Vulnerable Users Bill Watered Down: In its slog through the legislative process, AB 2398 from Marc Levine (D-San Rafael) was amended to lower the maximum fine on a conviction for causing bodily injury to a special class of “vulnerable road users” from $1,000 to $300.

The Senate Committee on Transportation and Housing had balked at the size of the $1,000 fine, which could end up costing more than $4,000 after surcharges and fees are added. As amended, the fines under the bill would now range from $220 to $300, resulting in total fines between $1,033 and $1,361. The amended legislation would still be an increase over current fines.

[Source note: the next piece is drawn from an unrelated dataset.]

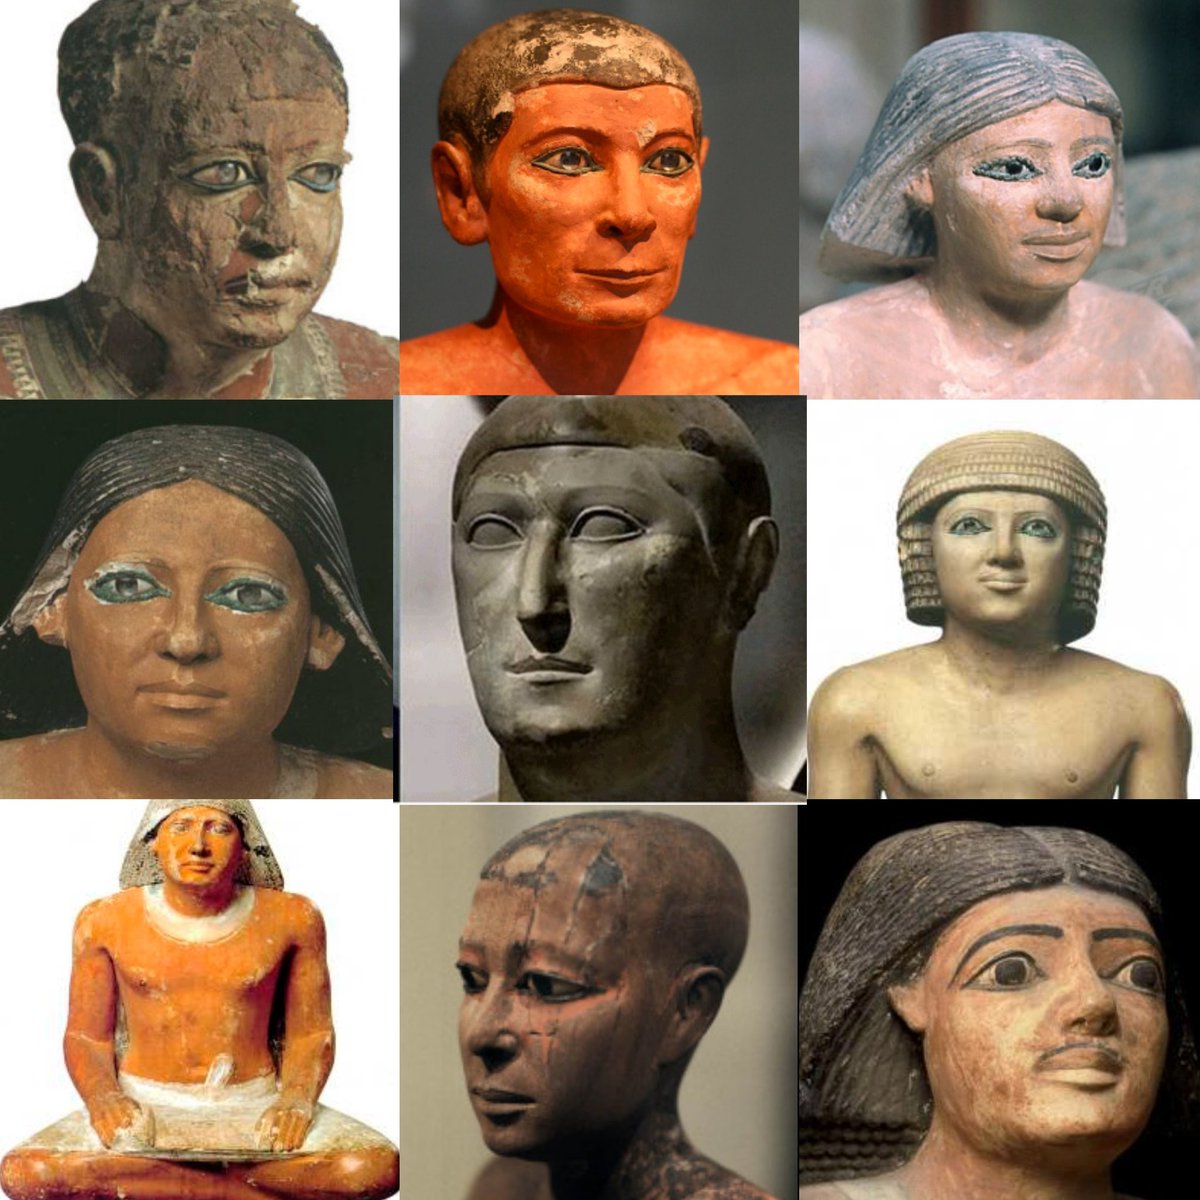 "Ugghhghh but the earlier populations of egypt must have been black, then they later mixed with th-"No, they were not, no bro, they did not mix.All these faces are of the earliest dynasty, the pyramid builders dynasty.  https://twitter.com/pierre_tmc/status/1313629679715340288

Another amendment added Segway and wheelchair users to the definition of “vulnerable users,” which already includes bicyclists, pedestrians, highway workers, horseback riders, and drivers of farm equipment.

Protected Bike Lane Bill Adds “Freedom from Caltrans” Clause: AB 1193 from Phil Ting (D-San Francisco) would require Caltrans to develop standards for protected bike lanes so that local jurisdictions can plan and build them with the agency's blessing. An amendment published this week changed a single word -- from “shall” to “may”-- opening up new possibilities for “all city, county, regional, and other local agencies responsible for the development or operation of bikeways or roadways where bicycle travel is permitted.”

The change in verbage means cities would no longer be required to use Caltrans' criteria when designing bicycle facilities. Bicycling advocates and planners have long argued that it's inconsistent to require planners and engineers to adhere to Caltrans standards for bike facilities, but not other roadway features on local streets and roads.

This bill will be considered in committee on Tuesday. Expect to hear more about it soon.

Uber, Lyft, Etc. Facing Regulation: A long, contentious hearing on two bills that would regulate Transportation Network Companies (TNCs) such as Uber and Lyft resulted in some compromise amendments. A.B. 612 from Assemblymember Adrin Nazarian (D-Los Angeles) would have required the companies to comply with the same rules as taxi companies, including drug and alcohol testing of drivers, criminal background checks, driver fingerprinting, and registering TNC vehicles with the California Public Utilities Commission. The Senate Energy Committee removed everything but the drug and alcohol testing and background check rules and sent it back to the Insurance Committee.

The same committee also passed along A.B. 2293 from Susan Bonilla  (D-Concord), which would add requirements that TNC  company insurance be the primary policy while drivers are working. The specific amount of required insurance was a sticking point in the hearing, and remains open for debate. Lyft spokesperson Page Thielen released a statement saying the "hearing demonstrated that there is no clear consensus about how to best determine appropriate levels of insurance for ride-sharing, and we will continue working with legislators to ensure that consumers, drivers, and passengers have the ability to access safe rides from the Lyft community." See KQED's News Fix blog for excellent coverage of the various sides of this issue.